**RECORDED INFORMATION**
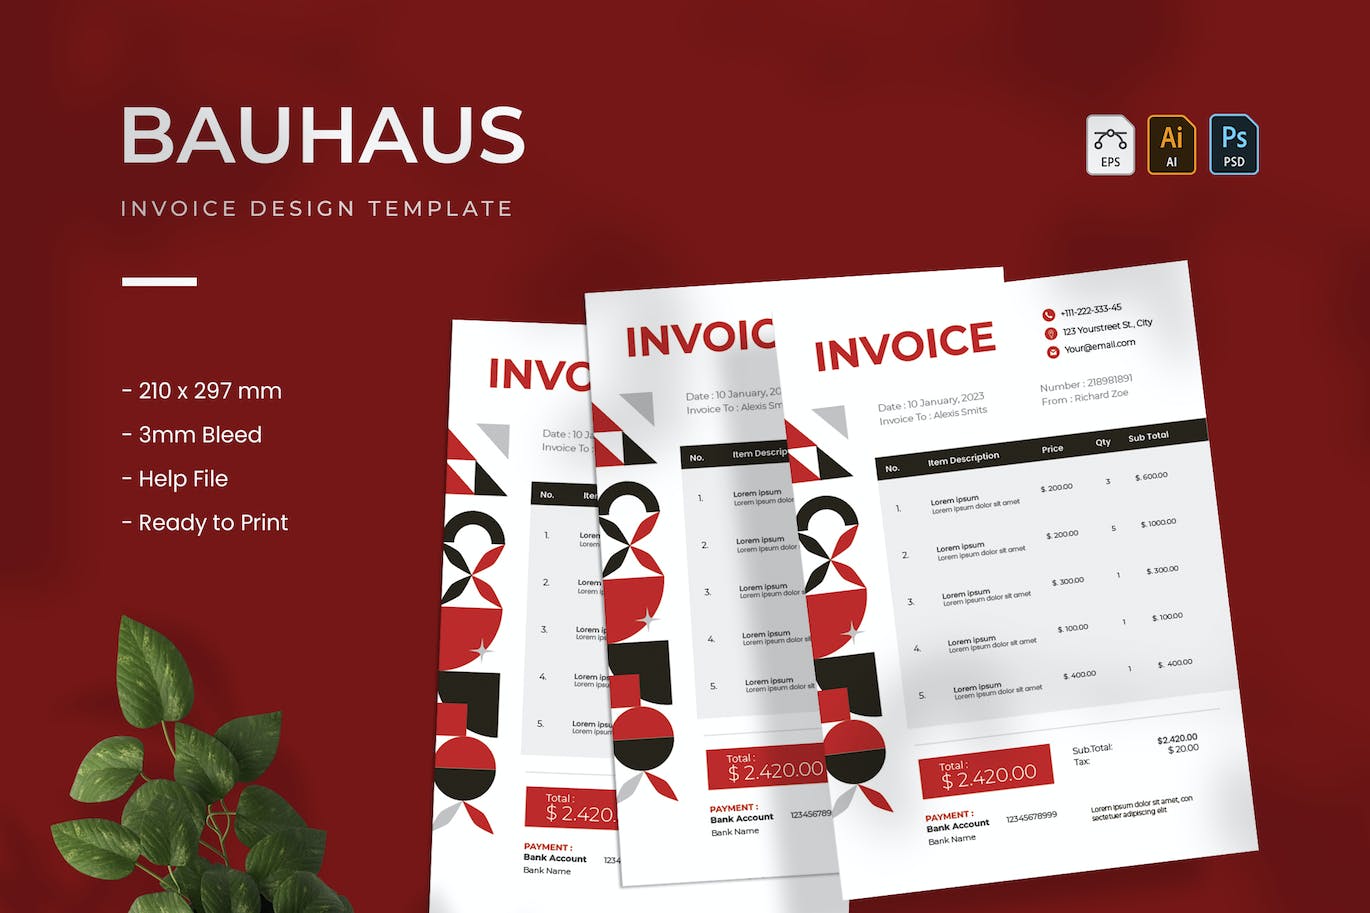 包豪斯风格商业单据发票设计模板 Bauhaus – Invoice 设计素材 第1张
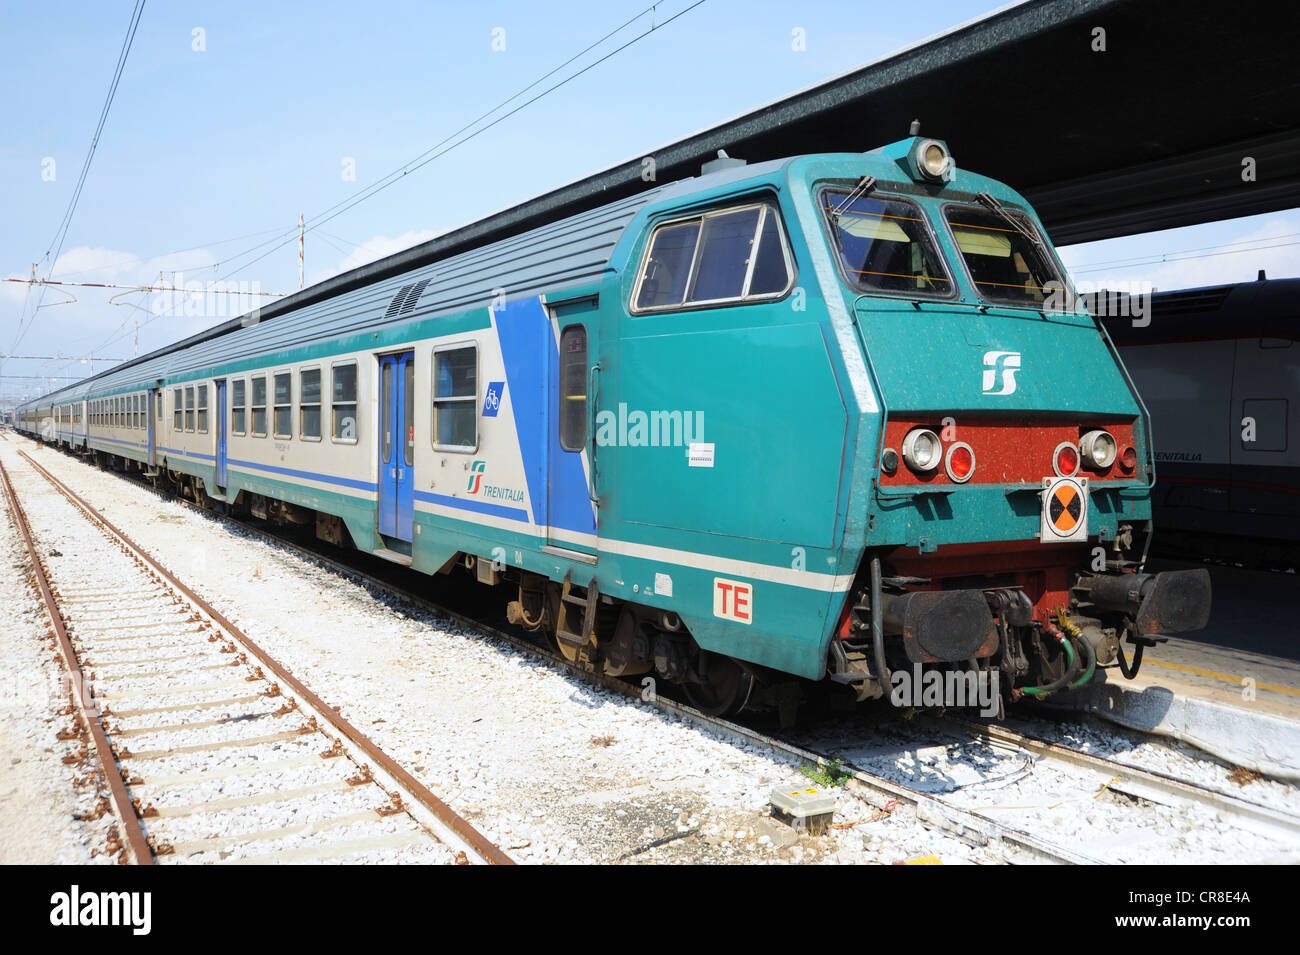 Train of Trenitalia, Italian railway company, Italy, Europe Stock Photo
==
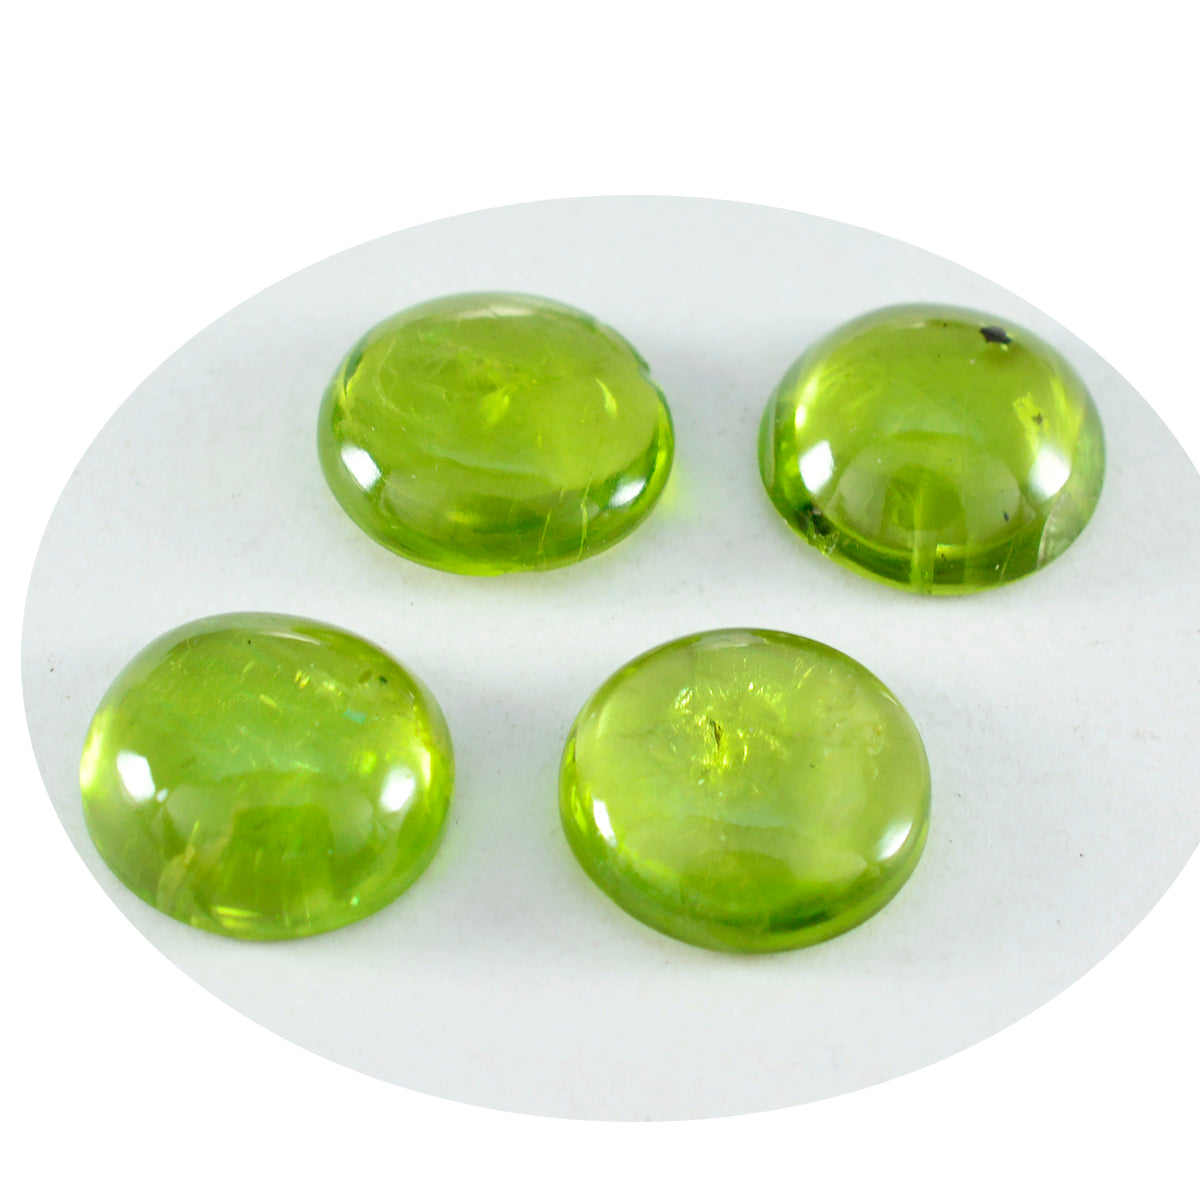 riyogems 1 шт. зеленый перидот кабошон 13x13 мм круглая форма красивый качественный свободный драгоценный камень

**WHAT IS EXPECTED**
Copy word for word the span of the records above that begins at the line with "包豪斯风格商业单据发票设计模板 Bauhaus – Invoice 设计素材 第1张" and ends at the line with "Train of Trenitalia, Italian", including those two lines but not the pictures.

**RESPONSE TO THIS EXERCISE**
 包豪斯风格商业单据发票设计模板 Bauhaus – Invoice 设计素材 第1张
 Train of Trenitalia, Italian railway company, Italy, Europe Stock Photo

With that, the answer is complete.